Hoaf kilns, tracing brushes and puttying

IMG_1592A couple of interesting Hoaf kiln questions came into my Inbox recently (thank you Jeffery), plus a request for help sourcing tracing brushes – something I get asked pretty frequently.

Hi Debora, I am a glass painter and I have a Hoaf kiln. Why do you have the extra fiber material with holes for the vents on the inside?
What you describe as ‘extra fiber’ is the original insulation in my Hoaf “Speedburn II Fuse” kiln, purchased directly from the manufacturer and imported from Holland in 1999. I bought a similar kiln in 1983 which I left in England when we emigrated. I haven’t added any insulation to my kilns, and do not recommend this because it may interfere with the finely calibrated ignition mechanism. I had my kiln serviced a while ago because it was not re-lighting properly at firing temps (when the burners to click on and off to maintain soak temps). The engineer explained to me that the volume of air inside the kiln affects ignition.

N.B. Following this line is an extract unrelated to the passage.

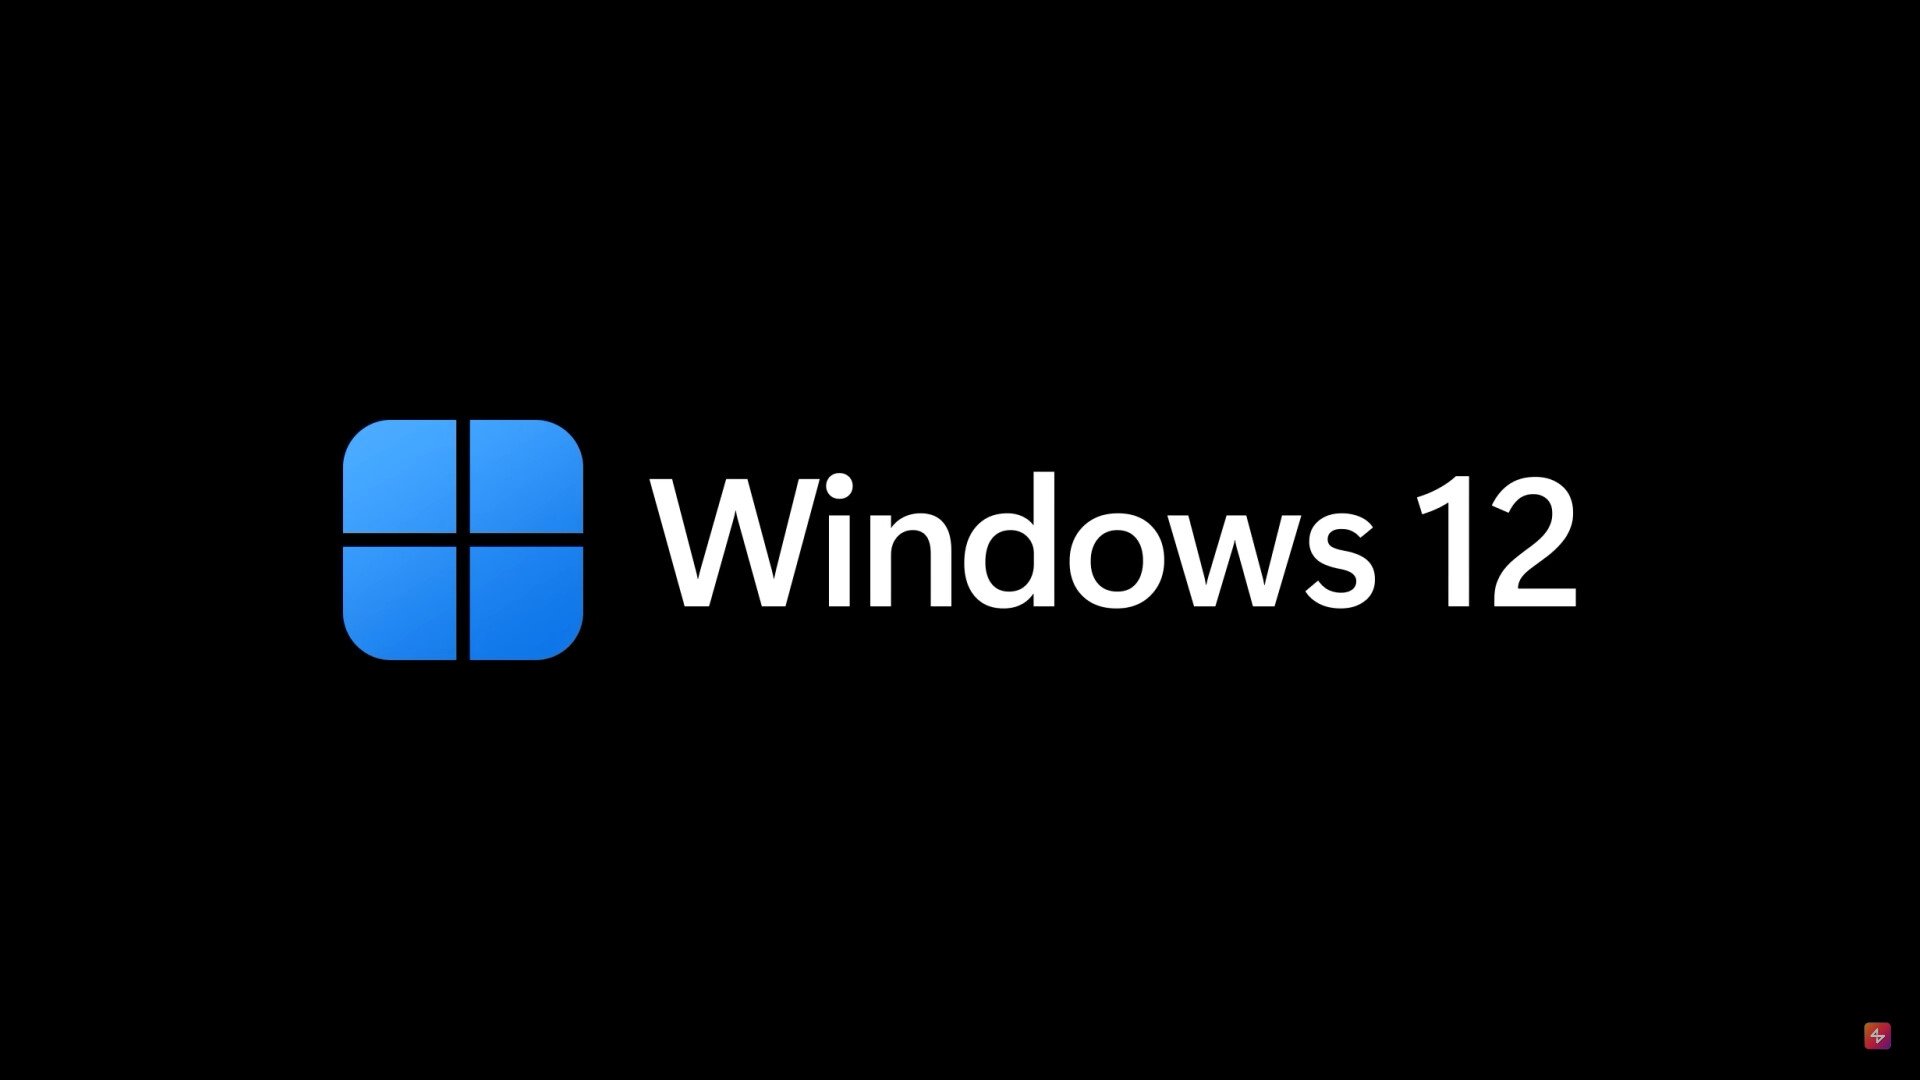 Conceito revela design do “Windows 12”

Long skinny pieces of glass tend to bow. Is there a work around?
This is because fibreboard kiln shelves wear out in the middle from years of vacuuming. My original shelf did this, and had to be replaced. During January when I was firing a lot of student work I was using the shelf like a tea tray to ferry unfired glass from college back to studio, and it finally broke.

Also I noticed you only putty the back side of your window. Do you always do that with your painted pieces?
I always putty both sides, very thoroughly. My video must be confusing. Puttying, or ‘cementing’ is structurally important, not just an aesthetic consideration.

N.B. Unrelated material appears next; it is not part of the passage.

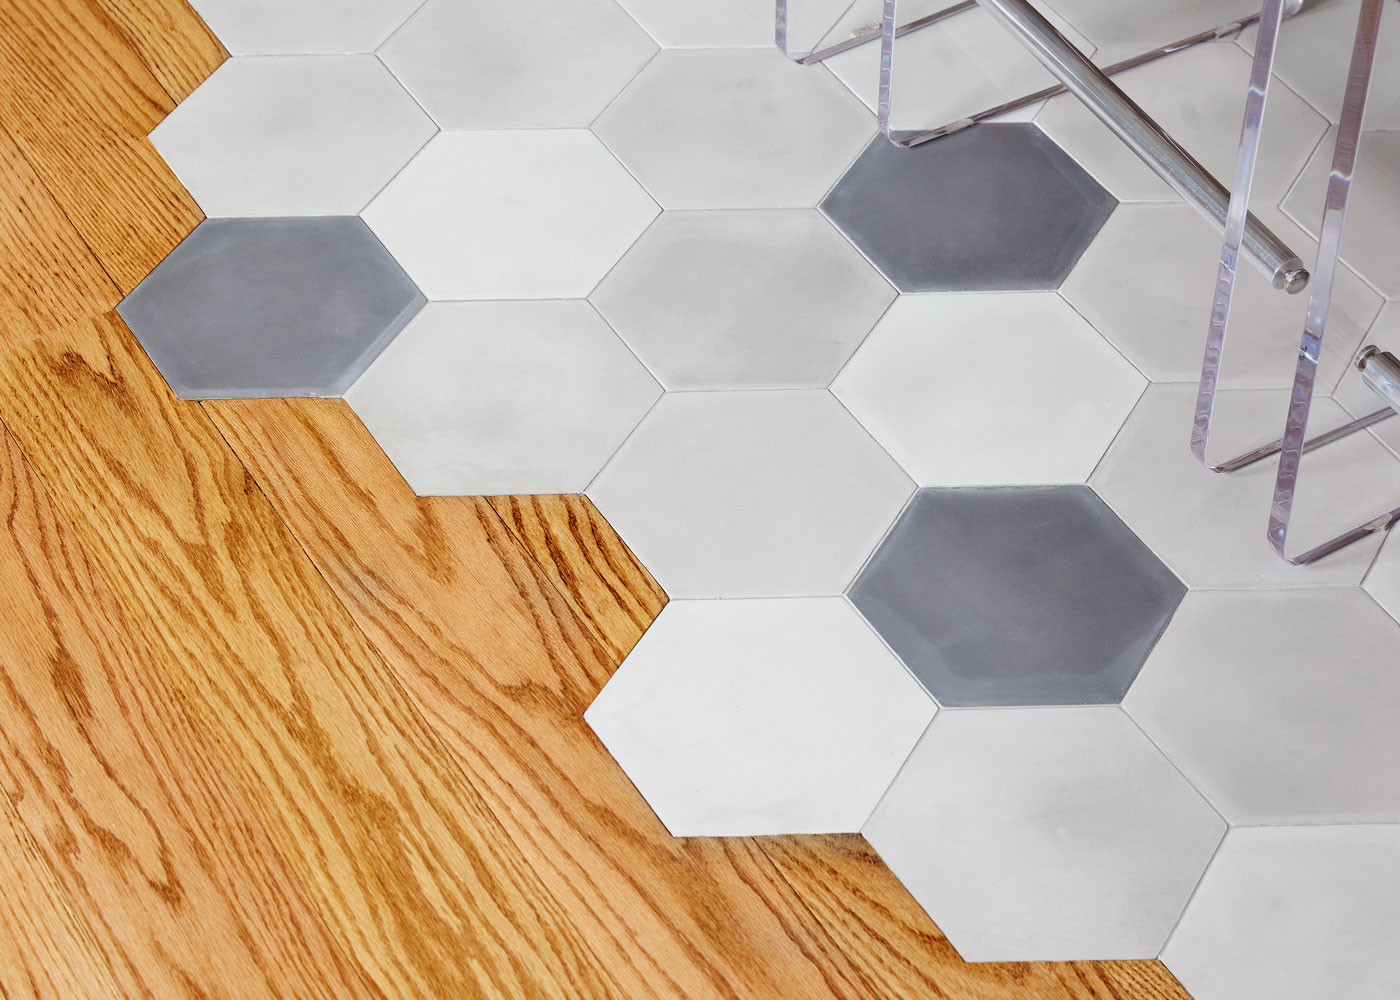 Greenwich Village apartment kitchen floor tiles

Last question – Do you know a source for good tracing brushes. I am having a hard time replacing mine.
My old quill brushes are very precious and irreplaceable (as far as I know… please share if you know where to buy them). I also use Mack or Xcaliber sword stripers. Great for tracing with my propylene glycol mixture, they have long, soft, beautifully matched hairs. I do recommend these, and they’re easy to find online and at art stores.

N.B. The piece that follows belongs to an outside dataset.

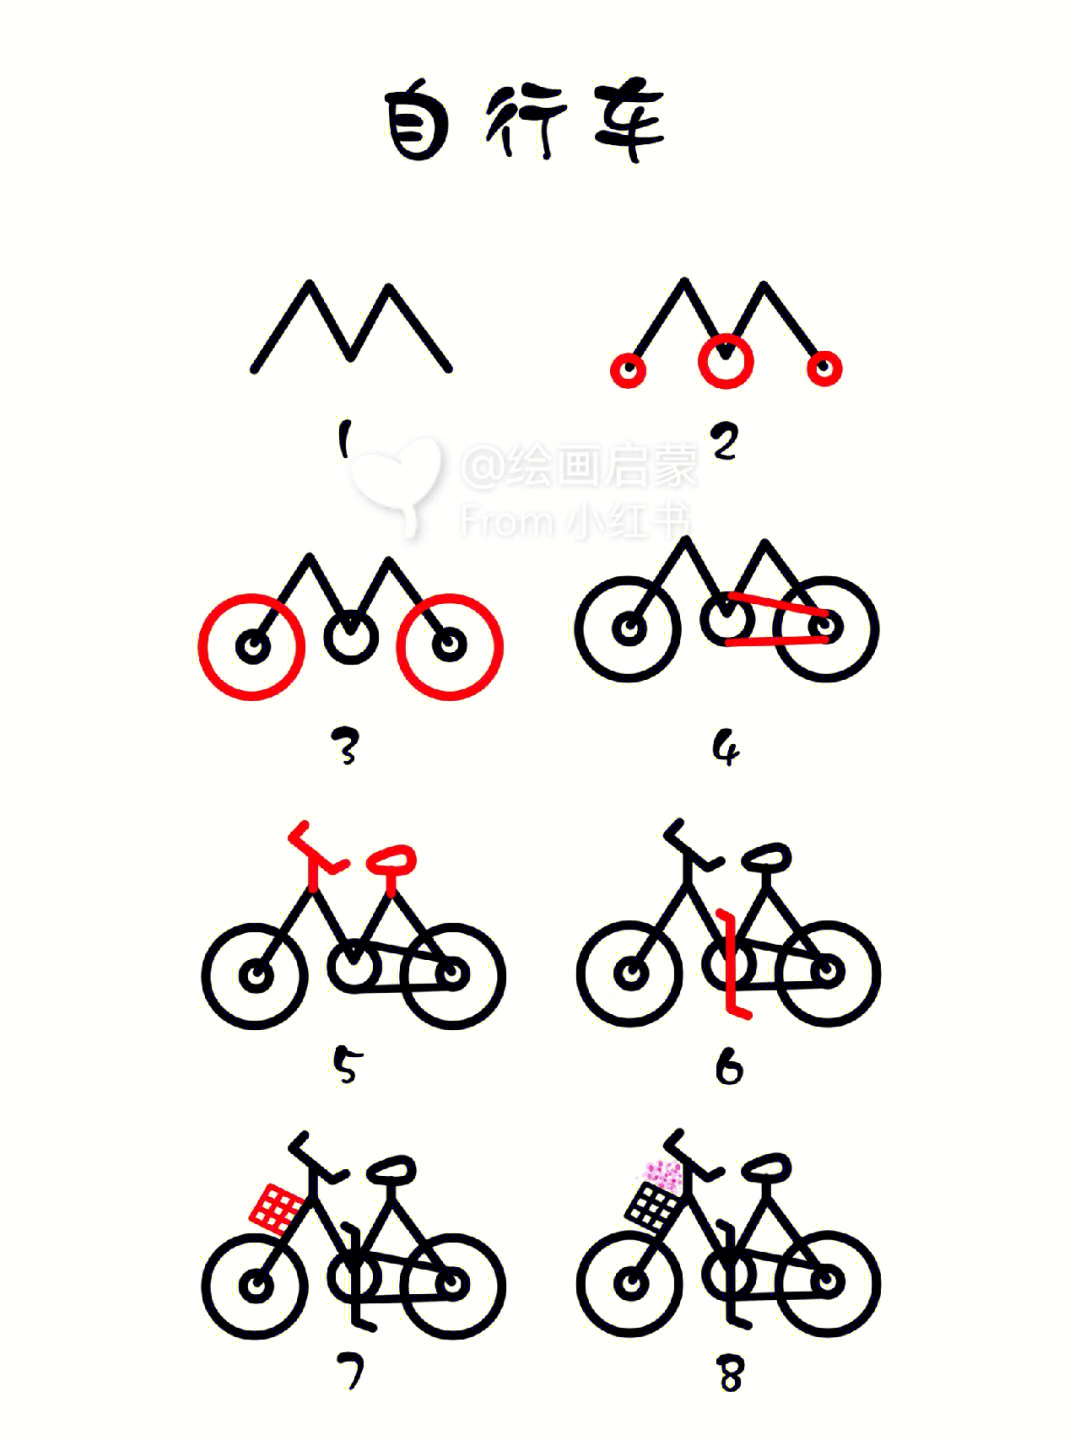 自行车的简笔画彩色图片

My workshops generally end with a handout of notes gathered during class, which help to keep the ball rolling. I just incorporated some notes from last September’s  glasspainting class (brushes, carving and printing rubber stamps) onto my Resources page. My June 2015 Oregon students have continued networking since their workshop last summer, sharing technical advice, design ideas, and more and I get a great buzz out of this. Thanks to everyone who has contributed questions and shared their own sources and ideas over the years.

Photo is of last month’s Williams College student work, on trays waiting to be fired.